Goldstein Rebecca F, Boyle Jacqueline A, Cooray Shamil D, Joham Anju E, Fitz-Gerald Alison L, Enticott Joanne, Harrison Cheryce L, Teede Helena J
Diabetes and Vascular Medicine Unit, Monash Health, Melbourne, Victoria, Australia.
Monash Centre for Health Research and Implementation, Faculty of Medicine, Nursing and Health Sciences, Monash University, Melbourne, Victoria, Australia.
Obesity (Silver Spring). 2025 Jan;33(1):54-66. doi: 10.1002/oby.24192. Epub 2024 Dec 10.
The objective of this study was to evaluate a lifestyle intervention implemented into routine antenatal care to optimize gestational weight gain (GWG) and outcomes using the Reach, Efficacy, Adoption, Implementation, and Maintenance (RE-AIM) framework.
This study was an embedded pragmatic behavioral intervention delivered by a health coach and supported by a physician over five sessions for women with a prepregnancy BMI between 25 and 43 kg/m who were <23 weeks' gestation in an Australian maternity service. Both intervention and standard care received routine antenatal care. The primary outcome was effectiveness in reducing excess GWG, and the secondary outcomes were reach, adoption, implementation, and maintenance and maternal and neonatal outcomes using the RE-AIM framework.
For the "Reach" aspect, 90% of eligible women were included (N = 404; n = 202 intervention and n = 202 standard care). For the "Efficacy" aspect, there were no differences in proportion exceeding GWG recommendations or mean GWG between groups. Secondary analysis excluding women with gestational diabetes showed that a lower proportion of women in the intervention group had GWG above recommendations (β coefficient 0.51, 95% CI: 0.27 to 0.97; p = 0.04), with less GWG (β coefficient -1.93 kg, 95% CI: -3.63 to -0.24; p = 0.03). For the "Adoption" aspect, qualitative analysis of staff/participants demonstrated strong support for service.

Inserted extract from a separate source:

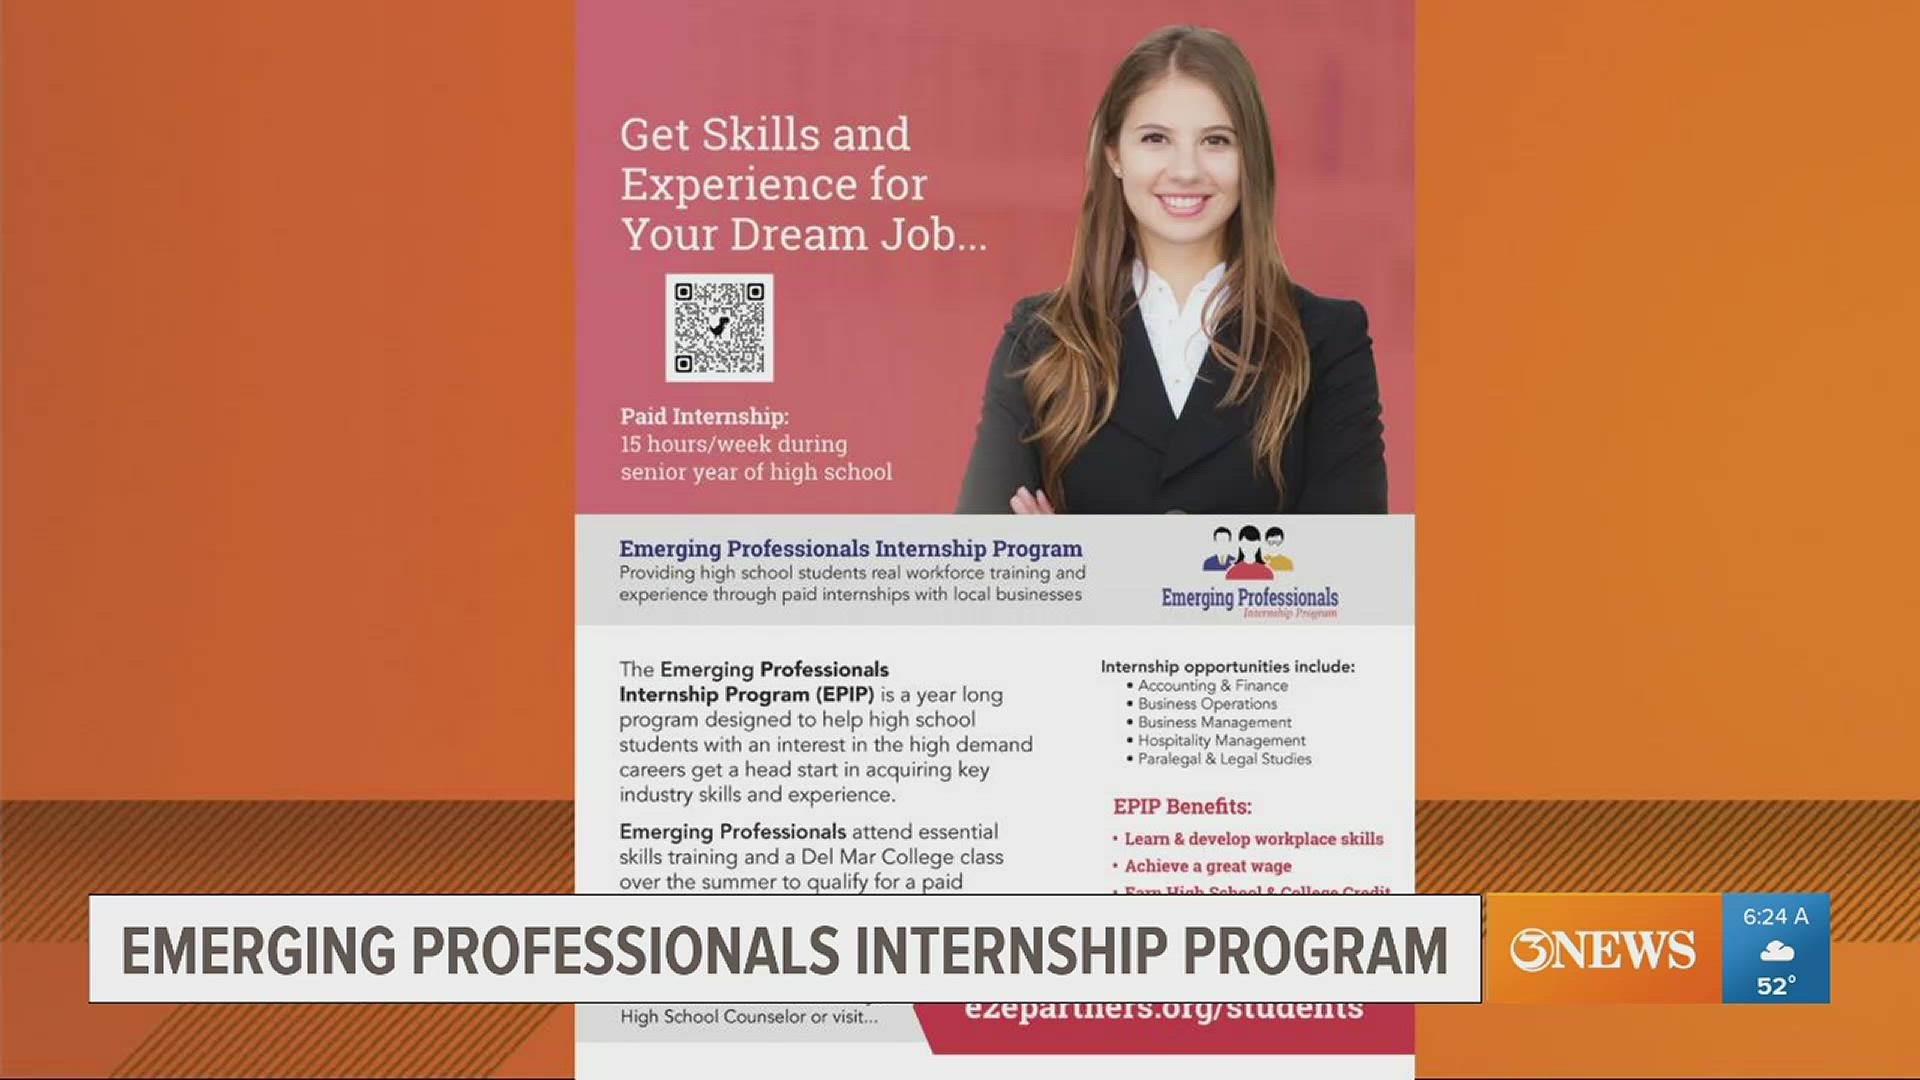 The year-long program has multiple internship opportunities.
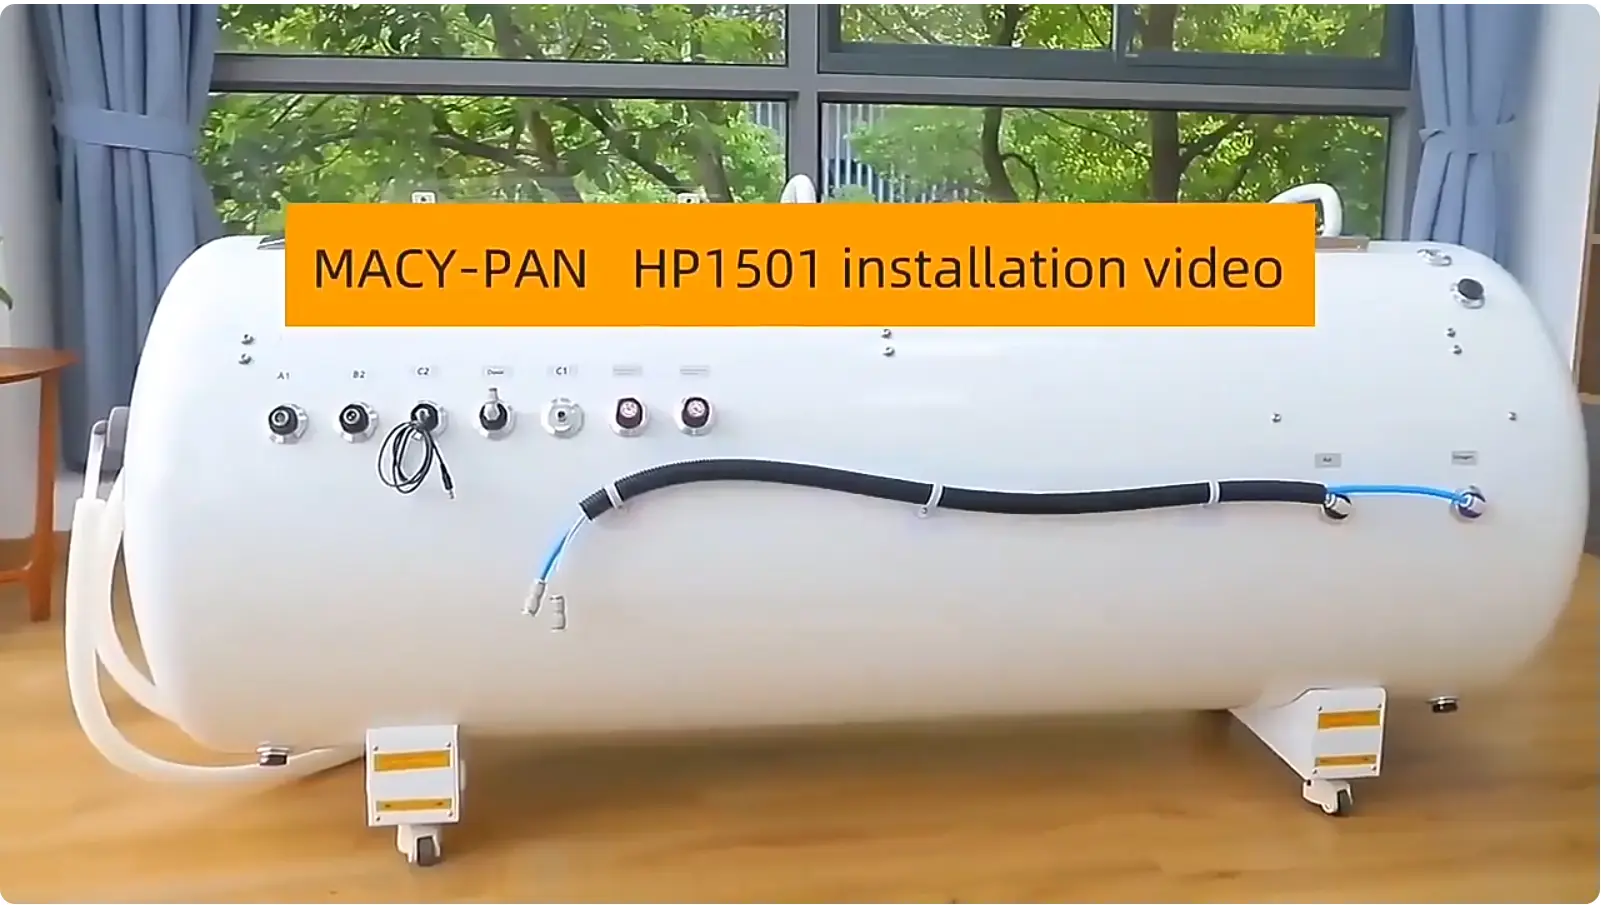 MACY-PAN HP1501 Installation Video

For the "Implementation" aspect, strong fidelity (implementation according to study plan) and staff/participant acceptability were observed. Finally, for the "Maintenance" aspect, the program has continued for 4 years with plans/funding for scale-up.
Lifestyle intervention did not alter the overall proportion with excess GWG or total GWG. Secondary analysis, excluding women with gestational diabetes mellitus, showed less GWG. This demonstrates implementation and maintenance of the intervention in routine antenatal care, generating new knowledge within the RE-AIM framework.
本研究的目的是使用“到达、效果、采用、实施和维持”(RE-AIM)框架,评估纳入常规产前护理的生活方式干预措施,以优化孕期体重增加(GWG)及相关结局。
本研究是一项嵌入式实用行为干预研究,由一名健康教练实施,并由一名医生在五节课程中为澳大利亚一家产科服务机构中孕23周以下、孕前体重指数(BMI)在25至43kg/m²之间的女性提供支持。干预组和标准护理组均接受常规产前护理。主要结局是减少孕期体重过度增加的有效性,次要结局是使用RE-AIM框架评估的干预措施的覆盖范围、采用情况、实施情况、维持情况以及母婴结局。
在“覆盖范围”方面,90%的符合条件的女性被纳入研究(N = 404;n = 202为干预组,n = 202为标准护理组)。在“效果”方面,两组中超过GWG建议值的比例或平均GWG没有差异。排除患有妊娠期糖尿病的女性后的二次分析显示,干预组中GWG高于建议值的女性比例较低(β系数0.51,95%置信区间:0.27至0.97;p = 0.04),且GWG增加较少(β系数-1.93kg,95%置信区间:-3.63至-0.24;p = 0.03)。在“采用情况”方面,对工作人员/参与者的定性分析表明对该服务有强烈支持。在“实施情况”方面,观察到高度的保真度(按照研究计划实施)以及工作人员/参与者的可接受性。最后,在“维持情况”方面,该项目已持续4年,并有扩大规模的计划/资金。
生活方式干预并未改变孕期体重过度增加的总体比例或总孕期体重增加量。排除患有妊娠期糖尿病的女性后的二次分析显示孕期体重增加较少。这证明了该干预措施在常规产前护理中的实施和维持情况,在RE-AIM框架内产生了新知识。